In Gregory Scott Katsoulis's All Rights Reserved, we get all the traditional trappings of a first-rate YA dystopia: grotesque wealth disparity leading to a modern caste system, draconian surveillance to effect social control in an inherently unstable state, ad-driven ubiquitous entertainment as the only distraction from environmental collapse -- but with an important difference.


In Katsoulis's world, the super-rich have legitimized their wealth and power — and the indentured slavery of nearly everyone else — by claiming ownership over every expressive word that can be spoken and gesture that can be made. From the age of 15, every citizen must wear an arm-cuff (which can't be removed) that monitors all speech and gestures, from your own name to a kiss or a hug — and bills you according to a floating market for all forms of expression, complete with surge pricing.


It's the ultimate form of rentier capitalism, where the "economy" is treated as a good unto itself, and where helping the wealthy get wealthier is a civic duty. "Entrepreneurs" grab trademarks on any new combination of words they speculate might become valuable, while punishing poor people who try to save pennies on their speech by mining the words market for homonyms and slang terms they can substitute for premium speech.


Speth is about to turn 15 and get her cuff; all she needs to do is be Branded at her Last Day ceremony (a kind of Bat Mitzvah for entry into the world of exterminist rentier capitalism), where she will read a speech endorsing the products of the sponsors who have agreed to underwrite her existence in exchange for frequent buzz-marketing. She's being escorted to the park where her Last Day party will be held by her stern guardian, a court-appointed overseer who took over from Speth's parents when they were indentured to pay for a newly discovered illegal music download committed by a distant ancestor. Now her parents labor in the fields of Carolina, hand-pollinating food crops in place of the bees, who have all died out.

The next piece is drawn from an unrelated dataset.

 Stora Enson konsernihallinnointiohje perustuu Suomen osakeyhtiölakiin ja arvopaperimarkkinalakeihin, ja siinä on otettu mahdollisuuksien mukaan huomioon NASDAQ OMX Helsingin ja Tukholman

She's almost at the party when her ex-boyfriend appears. He's already 15, and his billed speech means that he's dug himself so deep in debt he's about to be indentured. After an anguished encounter with Speth on a bridge, he flings himself to his death in the ring-road below where the wealthy race their performance automobiles around the domed city's interior.


Shaken, Speth moves to give her Last Day speech, but she can't. Instead, she uses one of the only free, public domain gestures — zipping her lips shut and locking them closed, used by poor people to indicate to the aristocracy that they are too broke to speak, lest the aristos think them rude or disrespectful — and utters not a word.

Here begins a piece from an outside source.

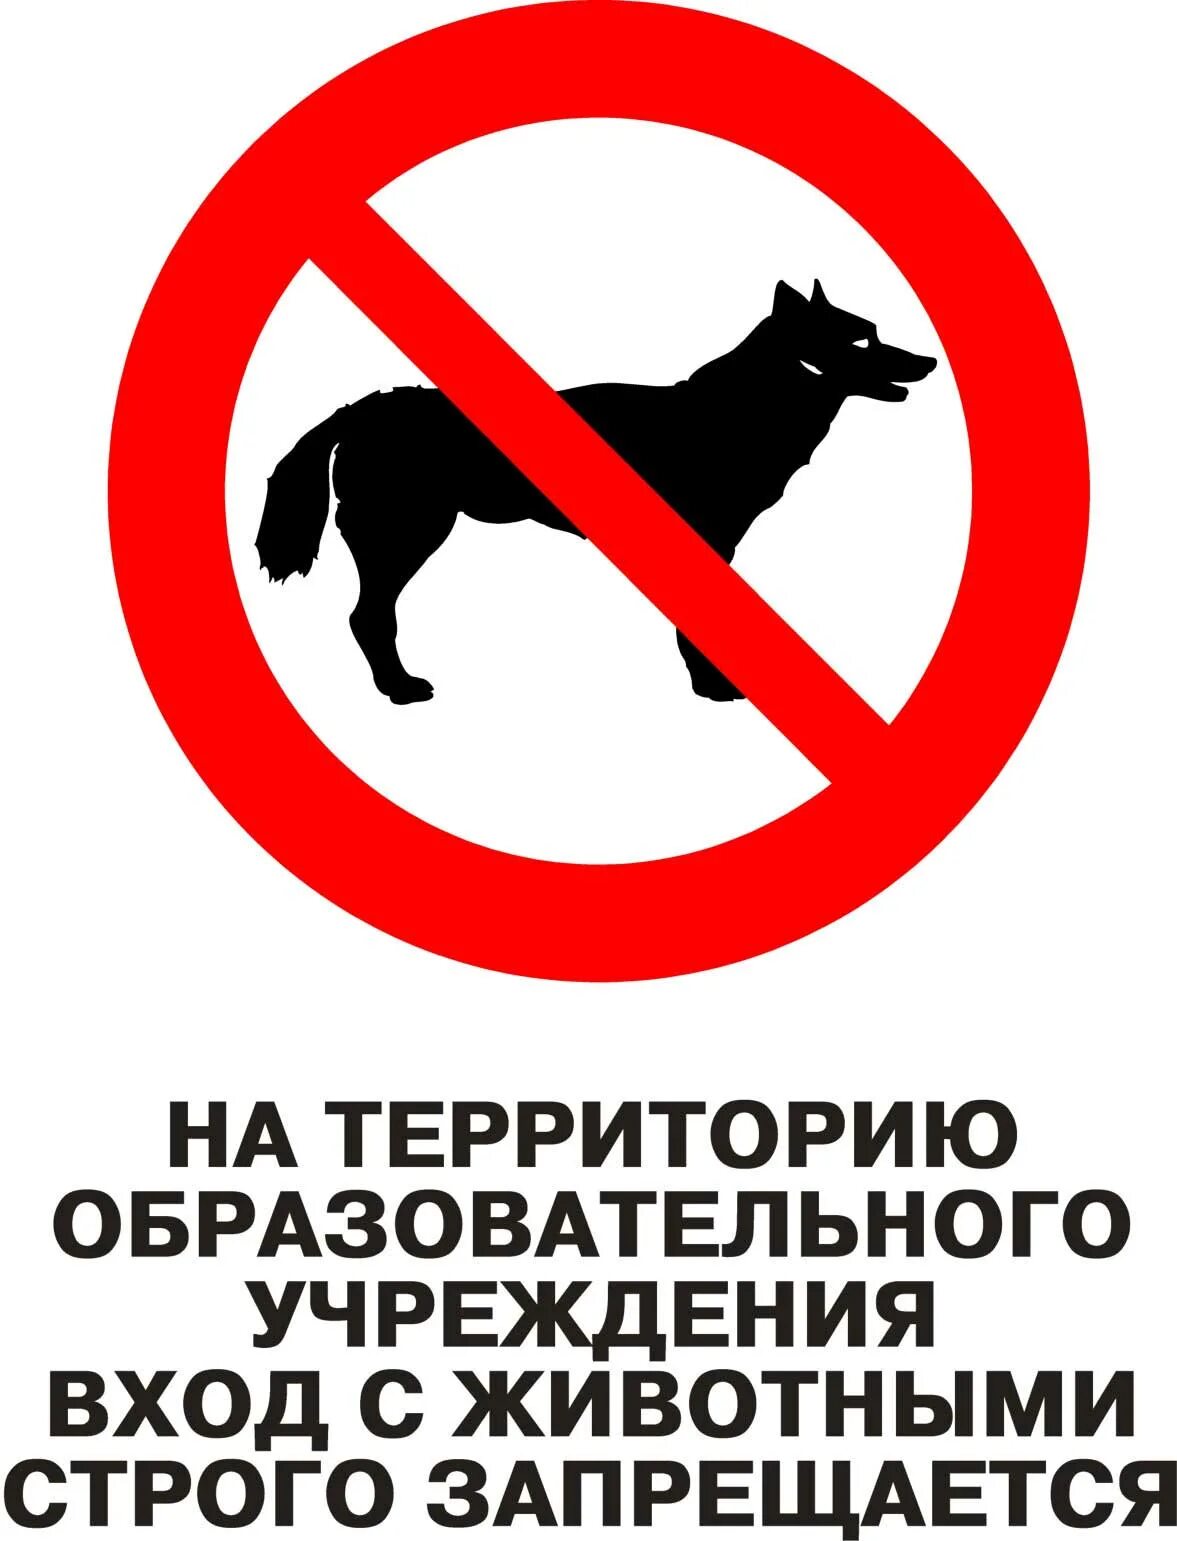 Вход с собаками запрещен. Вход с санками запрещен. Выгул собак запрещен. Вход на территорию школы с собаками запрещен. Магазин вход запрещен

This, it turns out, is a clever, never-seen loophole. Speth is under contract in which she has promised that her first communications after her fifteenth birthday will be an endorsement of her sponsors' products. But so long as she never says anything, she does not violate the contract and can't be sued into indenture.


Speth has become the first Silent.


Speth's refusal to speak or communicate in any way becomes a cause celebre and a source of immense frustration to the evil firm of all-powerful corporate lawyers who run her city, and they visit innumerable punishments upon her and her family to break her silence — for example, her sister, who resembles a popular movie star, is sued for infringing on the star's likeness and ordered never to leave their home (or to have her face mutilated) on pain of a lawsuit that will place her in indentured slavery.


This sets the scene for a really first-rate adventure story of plucky kids against evil grownups, poor versus rich, weak versus strong — the stuff of the most exciting YA novels.


The book has a great pace and plot, and Katsoulis has a sequel coming out in August called Access Restricted, which I'm reading and enjoying immensely.